▶ [Directions]: When writing out the listing below, reproduce every word exactly and skip the pictures.

▶ [Data section]:
------------------------

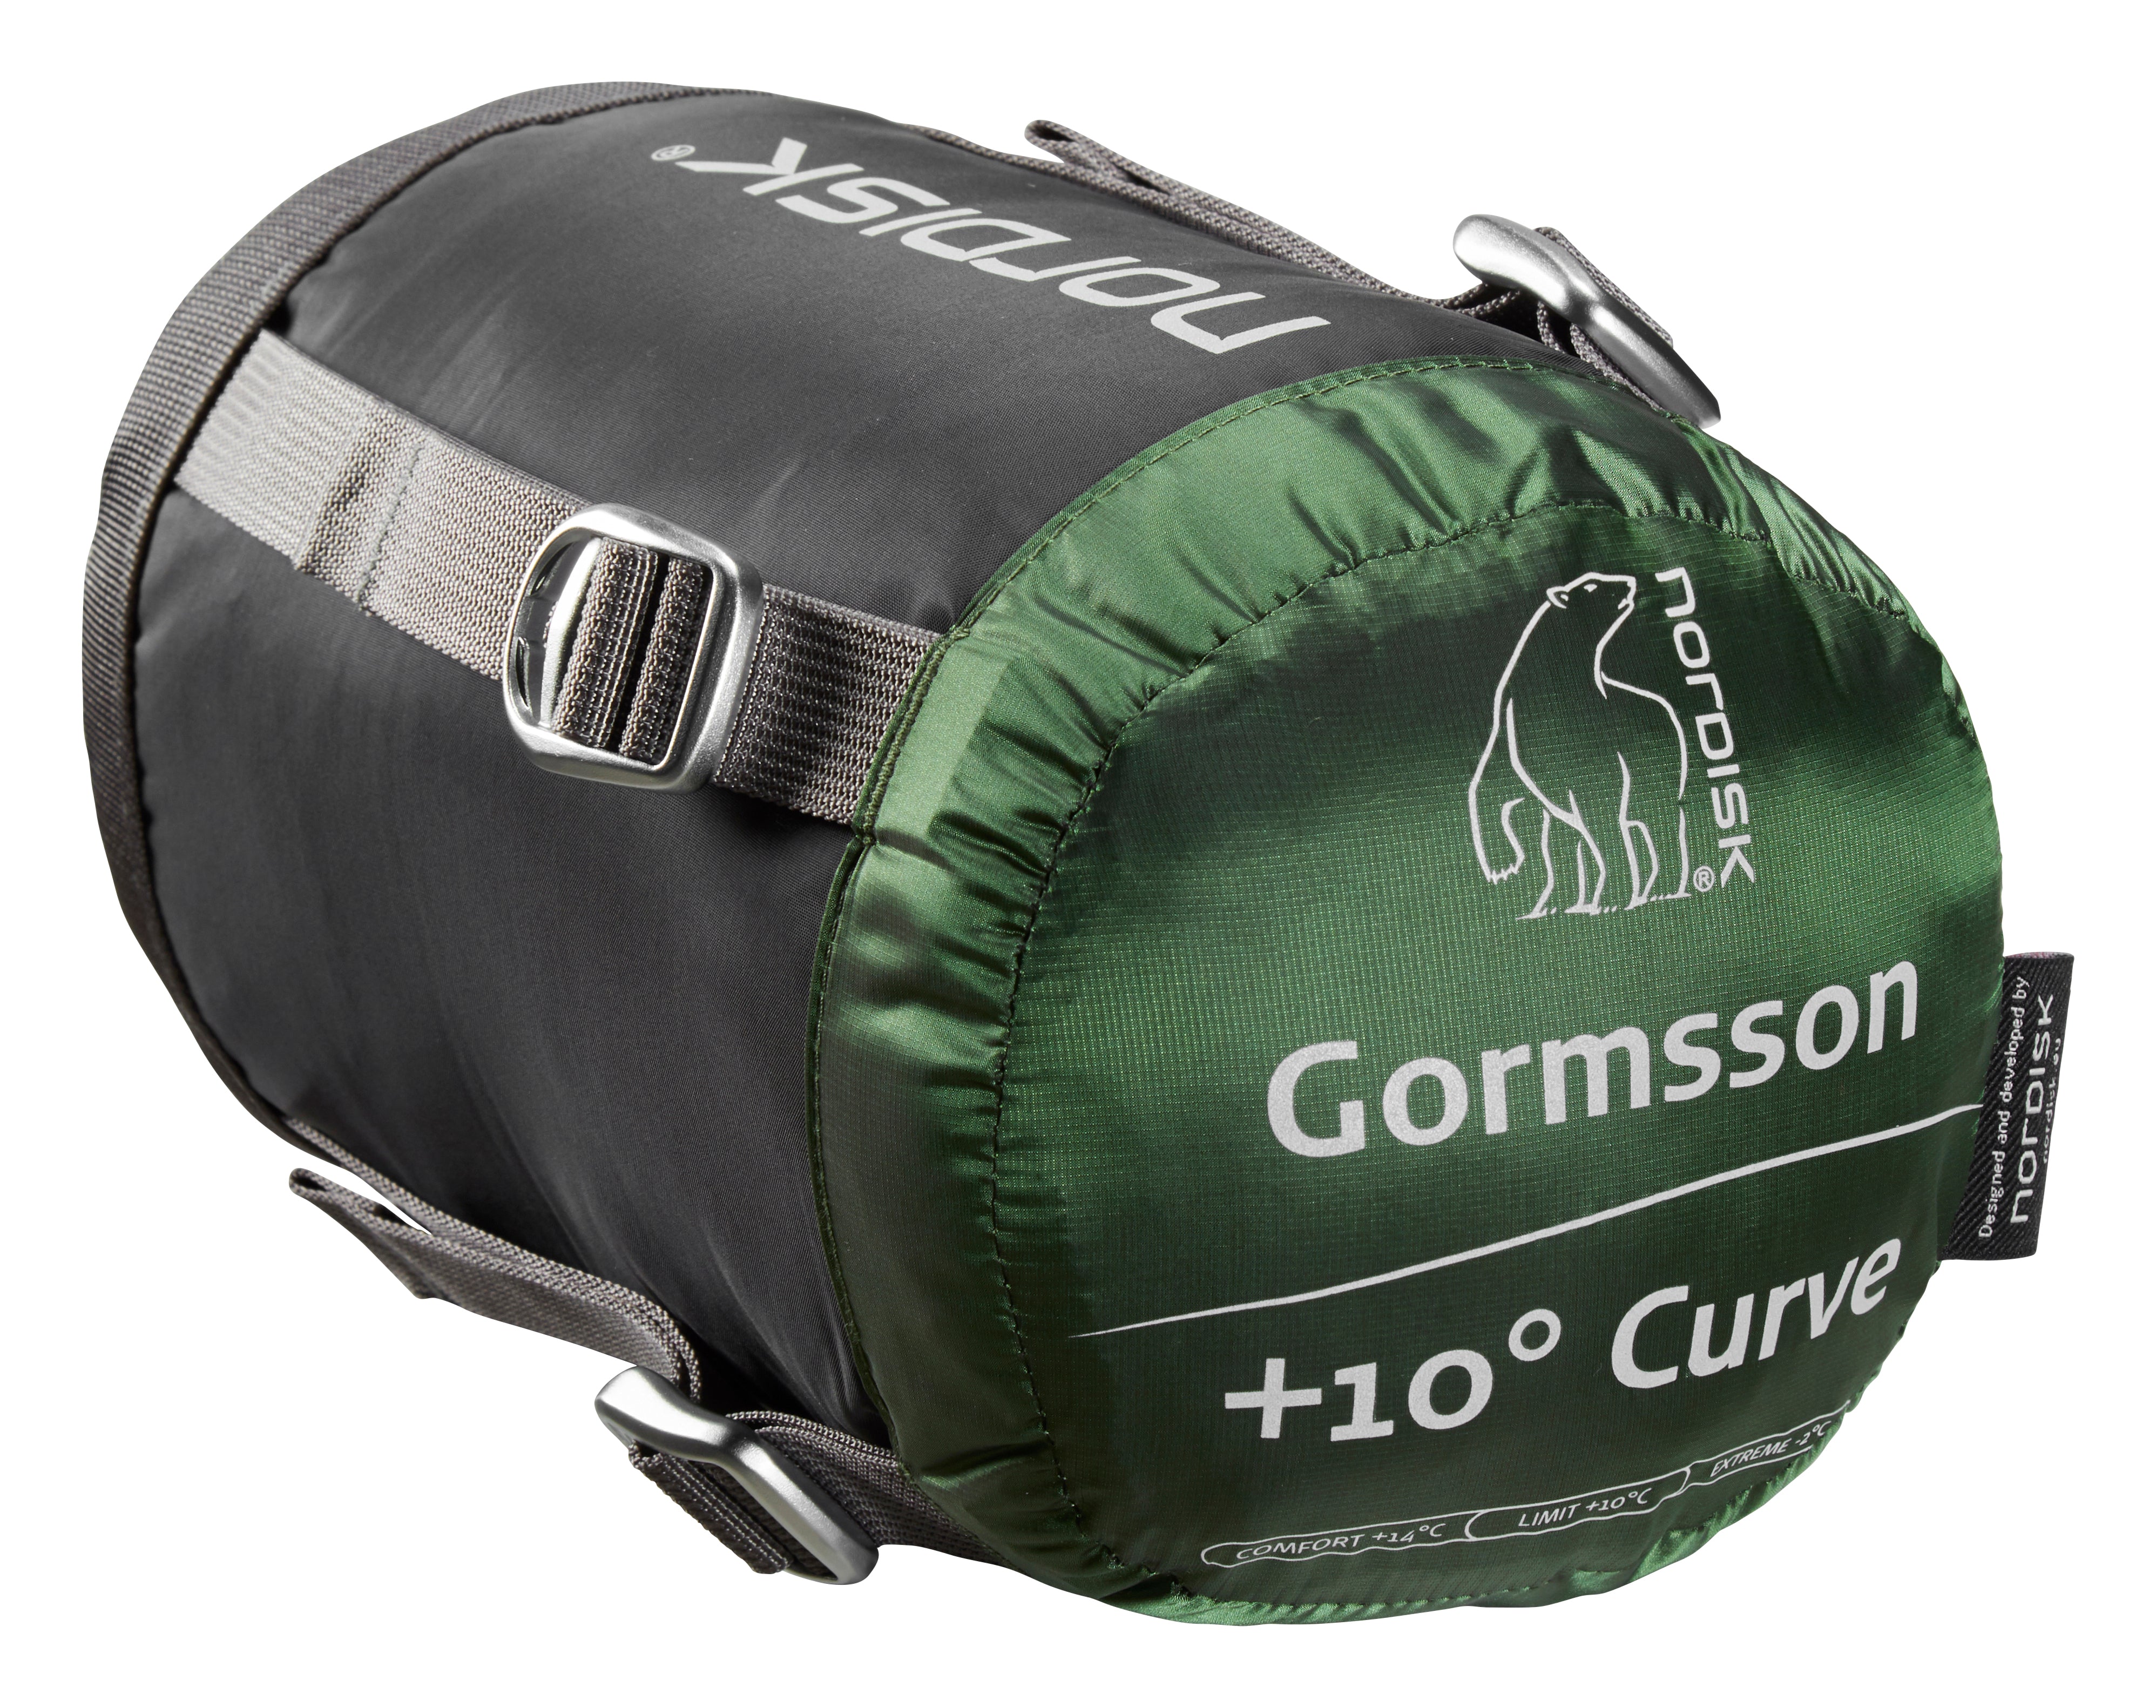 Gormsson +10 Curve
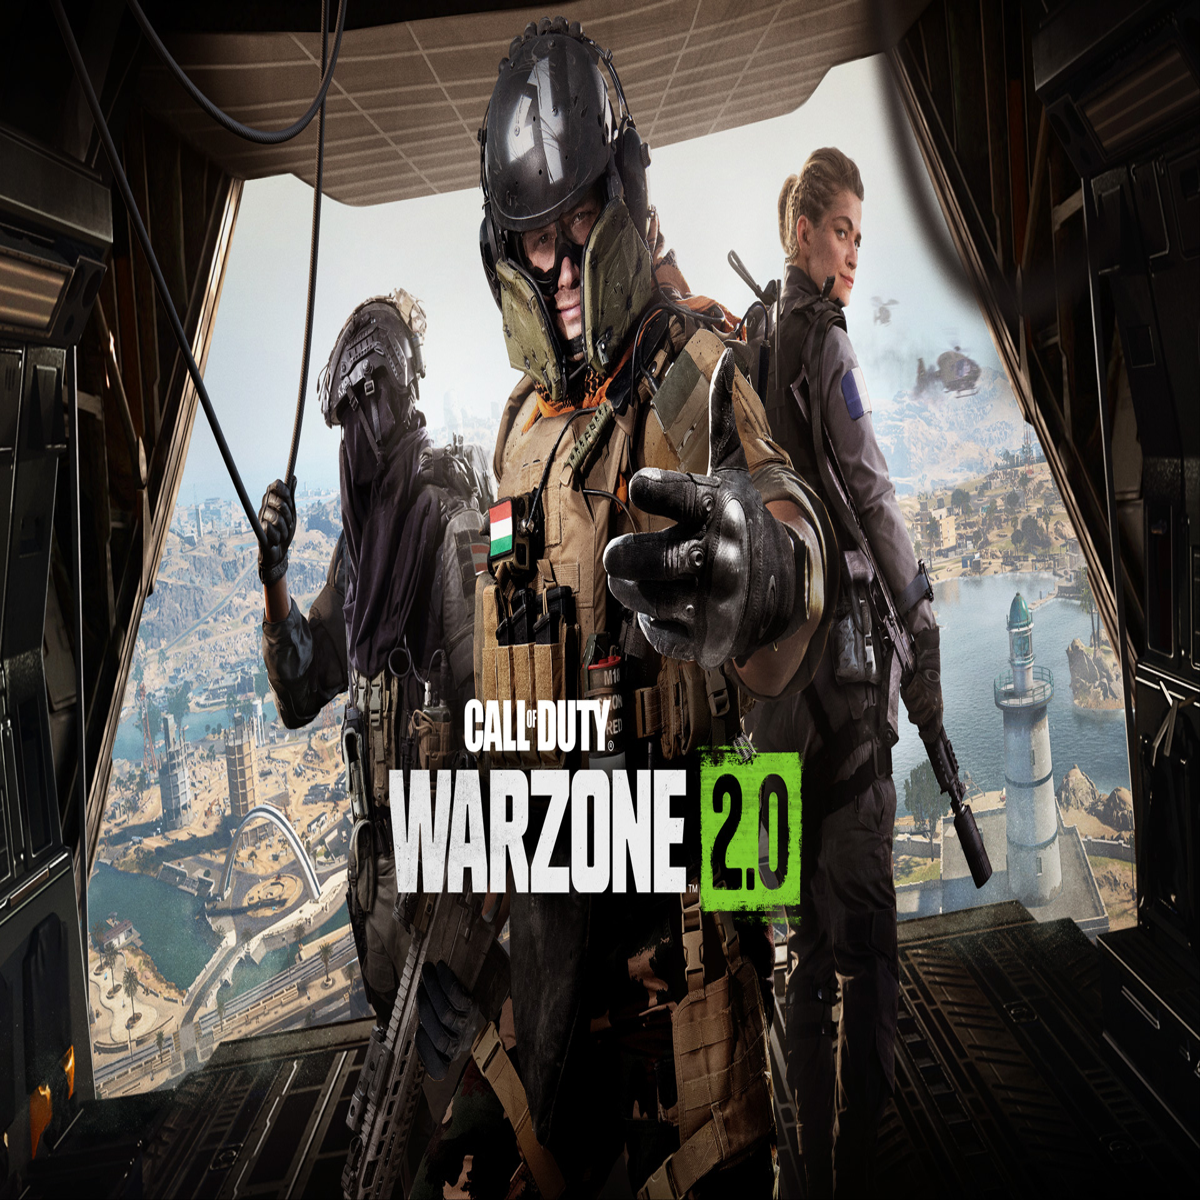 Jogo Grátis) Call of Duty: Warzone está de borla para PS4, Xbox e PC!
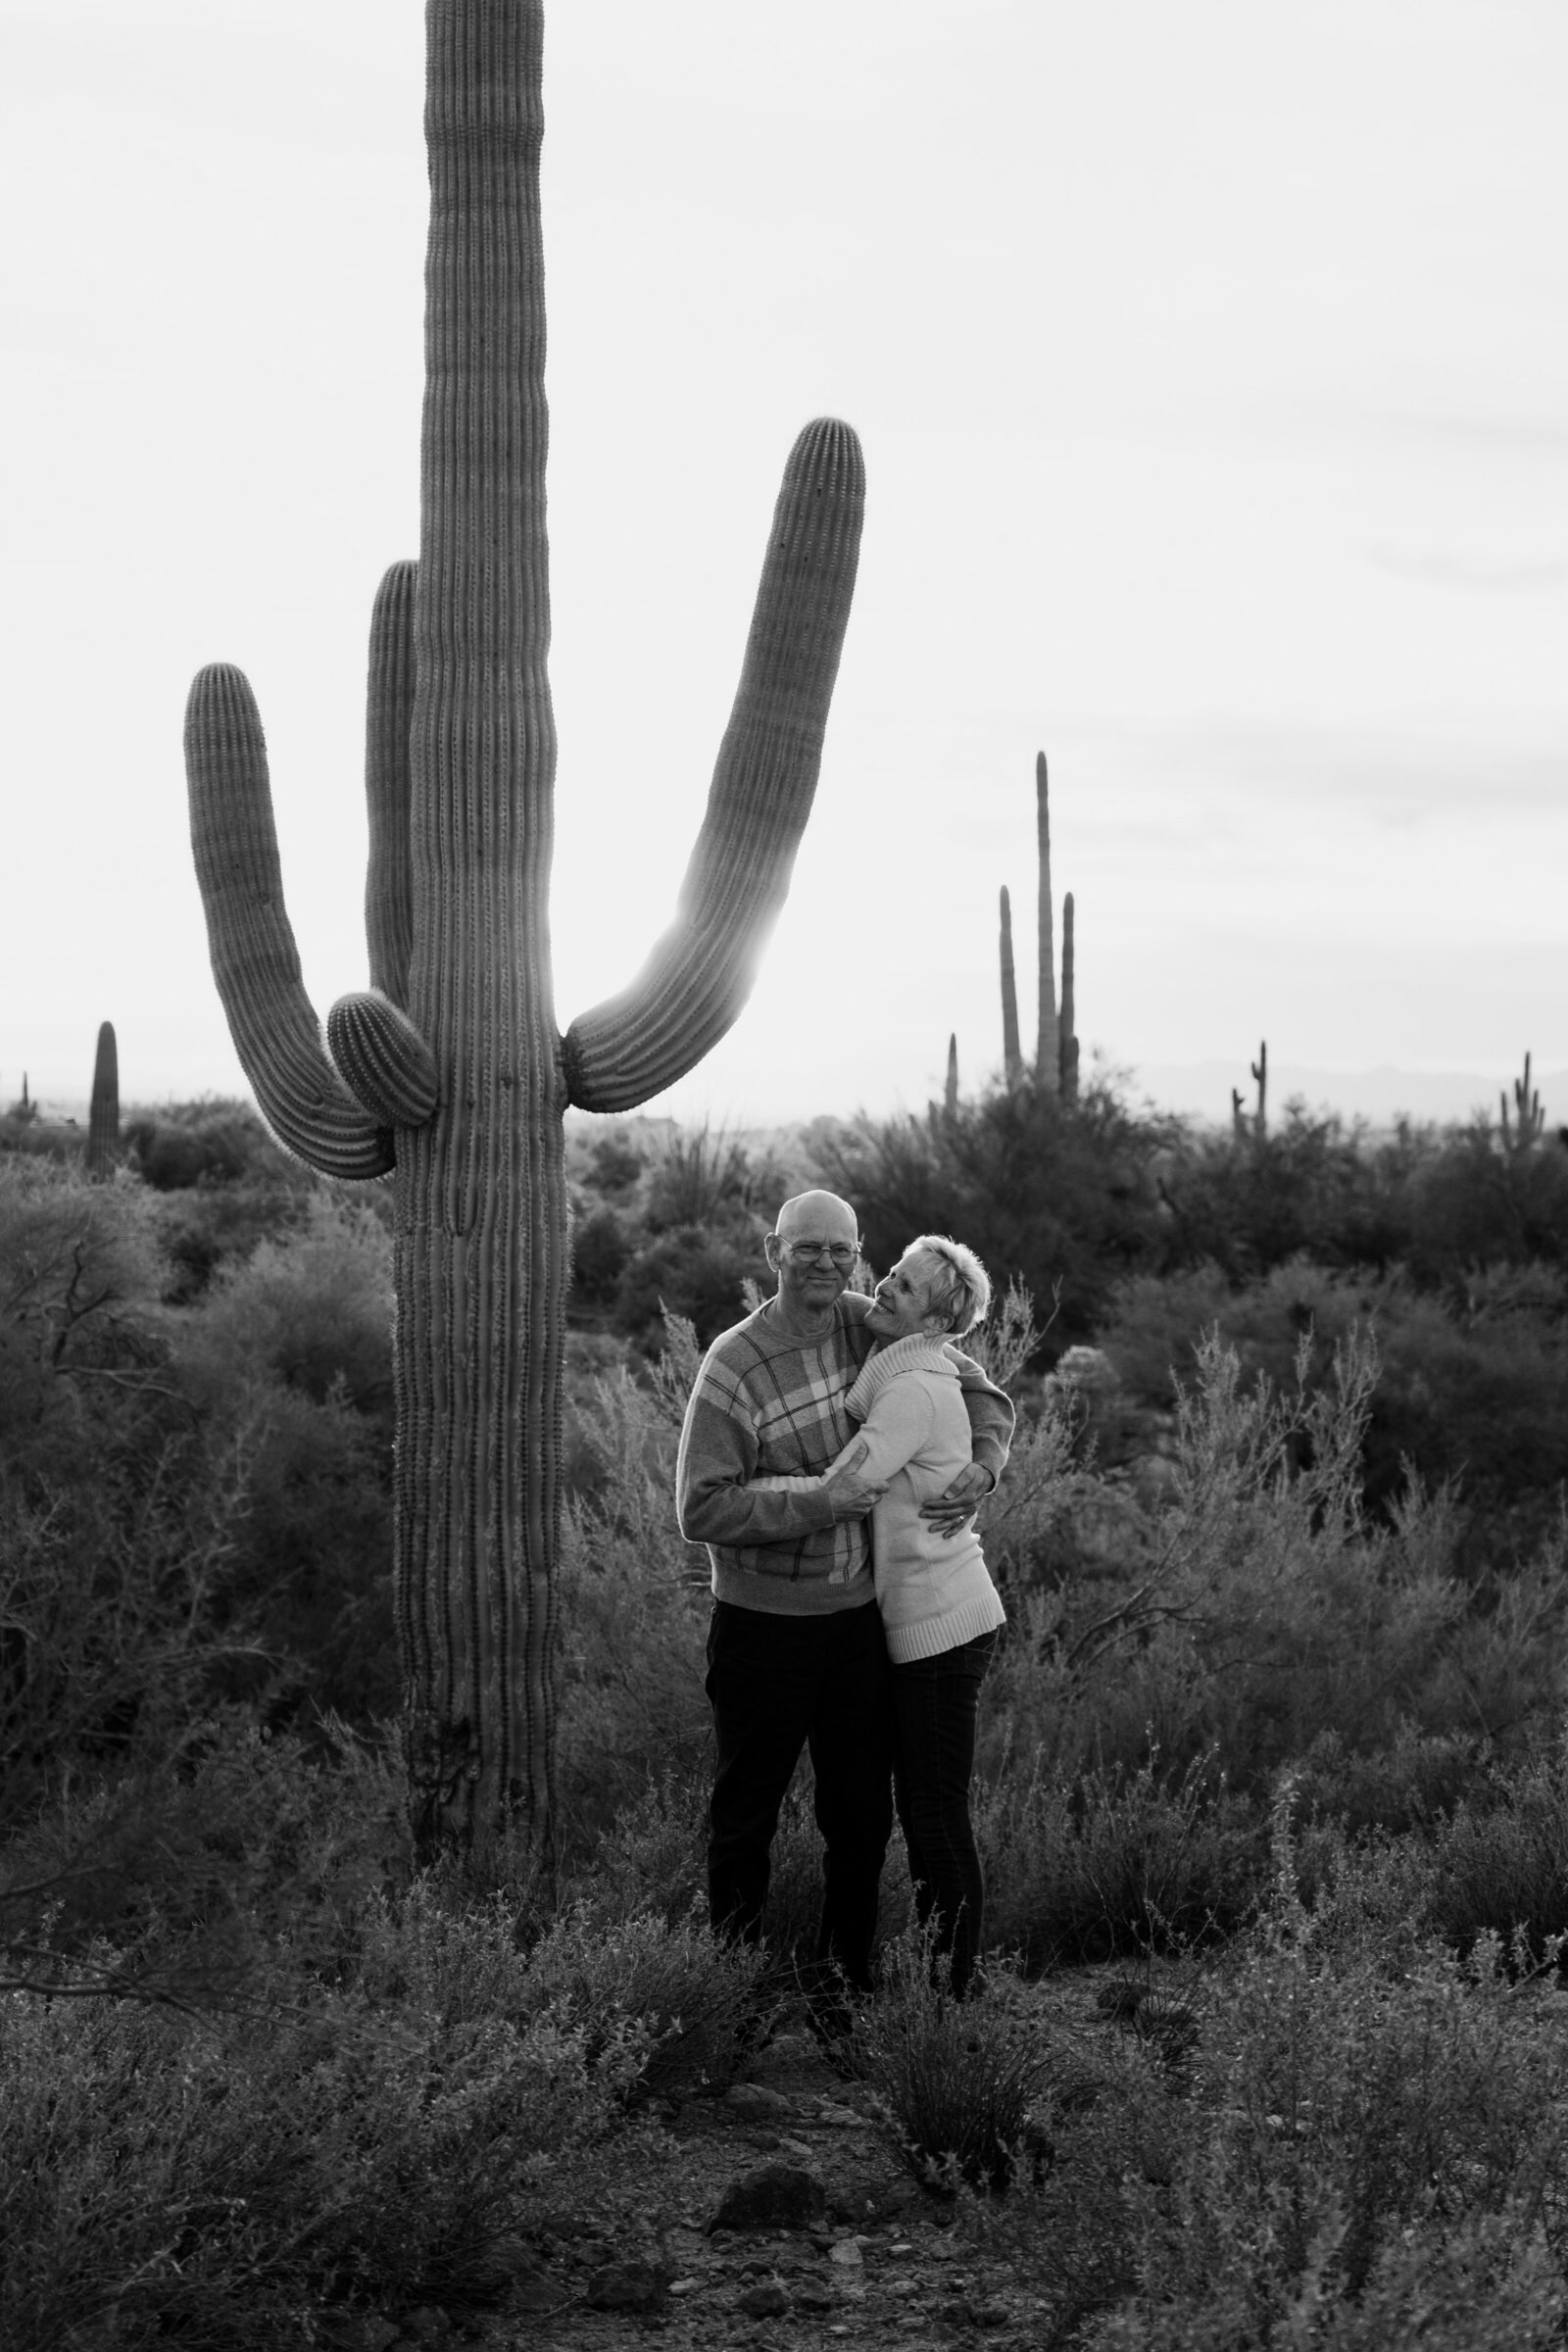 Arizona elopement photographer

------------------------

▶ [Expected output]:
 Gormsson +10 Curve
 Jogo Grátis) Call of Duty: Warzone está de borla para PS4, Xbox e PC!
 Arizona elopement photographer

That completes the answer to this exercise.